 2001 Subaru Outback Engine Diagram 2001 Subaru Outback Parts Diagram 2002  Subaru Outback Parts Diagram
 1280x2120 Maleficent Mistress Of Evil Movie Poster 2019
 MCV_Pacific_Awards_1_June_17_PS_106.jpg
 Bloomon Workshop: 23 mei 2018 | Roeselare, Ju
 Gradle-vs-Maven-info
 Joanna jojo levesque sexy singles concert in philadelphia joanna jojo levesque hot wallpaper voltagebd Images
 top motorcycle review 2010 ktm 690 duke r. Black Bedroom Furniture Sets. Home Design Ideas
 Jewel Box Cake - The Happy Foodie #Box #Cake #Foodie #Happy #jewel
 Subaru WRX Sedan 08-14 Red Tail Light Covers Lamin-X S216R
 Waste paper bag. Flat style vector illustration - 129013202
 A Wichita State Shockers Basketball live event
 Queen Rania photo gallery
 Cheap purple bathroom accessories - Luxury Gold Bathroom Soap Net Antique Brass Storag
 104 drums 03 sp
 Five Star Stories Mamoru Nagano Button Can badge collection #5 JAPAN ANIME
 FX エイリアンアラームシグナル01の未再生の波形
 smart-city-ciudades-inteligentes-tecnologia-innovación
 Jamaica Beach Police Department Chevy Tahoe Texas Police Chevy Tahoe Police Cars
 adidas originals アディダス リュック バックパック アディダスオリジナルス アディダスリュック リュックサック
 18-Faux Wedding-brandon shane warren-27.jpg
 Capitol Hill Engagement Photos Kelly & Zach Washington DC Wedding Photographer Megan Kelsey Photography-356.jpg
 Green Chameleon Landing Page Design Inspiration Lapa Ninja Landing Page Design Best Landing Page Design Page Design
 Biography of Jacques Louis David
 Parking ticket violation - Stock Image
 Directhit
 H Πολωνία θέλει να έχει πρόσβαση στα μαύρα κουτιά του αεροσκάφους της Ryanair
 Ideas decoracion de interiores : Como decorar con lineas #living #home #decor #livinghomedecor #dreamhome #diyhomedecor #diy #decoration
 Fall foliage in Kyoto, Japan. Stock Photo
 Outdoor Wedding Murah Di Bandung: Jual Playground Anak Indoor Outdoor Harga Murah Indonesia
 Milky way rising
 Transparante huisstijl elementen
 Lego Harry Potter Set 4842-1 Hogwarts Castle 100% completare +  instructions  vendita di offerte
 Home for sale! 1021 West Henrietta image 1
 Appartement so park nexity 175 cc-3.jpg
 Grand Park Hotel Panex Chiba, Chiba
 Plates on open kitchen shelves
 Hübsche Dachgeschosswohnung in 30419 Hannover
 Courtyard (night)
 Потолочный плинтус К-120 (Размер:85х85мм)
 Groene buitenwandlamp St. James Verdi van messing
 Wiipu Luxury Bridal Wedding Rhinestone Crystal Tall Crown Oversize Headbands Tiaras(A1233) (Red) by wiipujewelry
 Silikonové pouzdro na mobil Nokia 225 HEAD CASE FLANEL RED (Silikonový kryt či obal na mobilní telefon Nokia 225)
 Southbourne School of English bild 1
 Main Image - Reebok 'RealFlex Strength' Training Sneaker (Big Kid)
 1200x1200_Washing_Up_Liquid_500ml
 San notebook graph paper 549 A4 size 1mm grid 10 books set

■ Aim of the task: From the line containing "Ideas decoracion de" down to the final line of the data, write out every line exactly; both the first and last of these belong in your answer, and nothing else does.

■ Answer to the exercise:
 Ideas decoracion de interiores : Como decorar con lineas #living #home #decor #livinghomedecor #dreamhome #diyhomedecor #diy #decoration
 Fall foliage in Kyoto, Japan. Stock Photo
 Outdoor Wedding Murah Di Bandung: Jual Playground Anak Indoor Outdoor Harga Murah Indonesia
 Milky way rising
 Transparante huisstijl elementen
 Lego Harry Potter Set 4842-1 Hogwarts Castle 100% completare +  instructions  vendita di offerte
 Home for sale! 1021 West Henrietta image 1
 Appartement so park nexity 175 cc-3.jpg
 Grand Park Hotel Panex Chiba, Chiba
 Plates on open kitchen shelves
 Hübsche Dachgeschosswohnung in 30419 Hannover
 Courtyard (night)
 Потолочный плинтус К-120 (Размер:85х85мм)
 Groene buitenwandlamp St. James Verdi van messing
 Wiipu Luxury Bridal Wedding Rhinestone Crystal Tall Crown Oversize Headbands Tiaras(A1233) (Red) by wiipujewelry
 Silikonové pouzdro na mobil Nokia 225 HEAD CASE FLANEL RED (Silikonový kryt či obal na mobilní telefon Nokia 225)
 Southbourne School of English bild 1
 Main Image - Reebok 'RealFlex Strength' Training Sneaker (Big Kid)
 1200x1200_Washing_Up_Liquid_500ml
 San notebook graph paper 549 A4 size 1mm grid 10 books set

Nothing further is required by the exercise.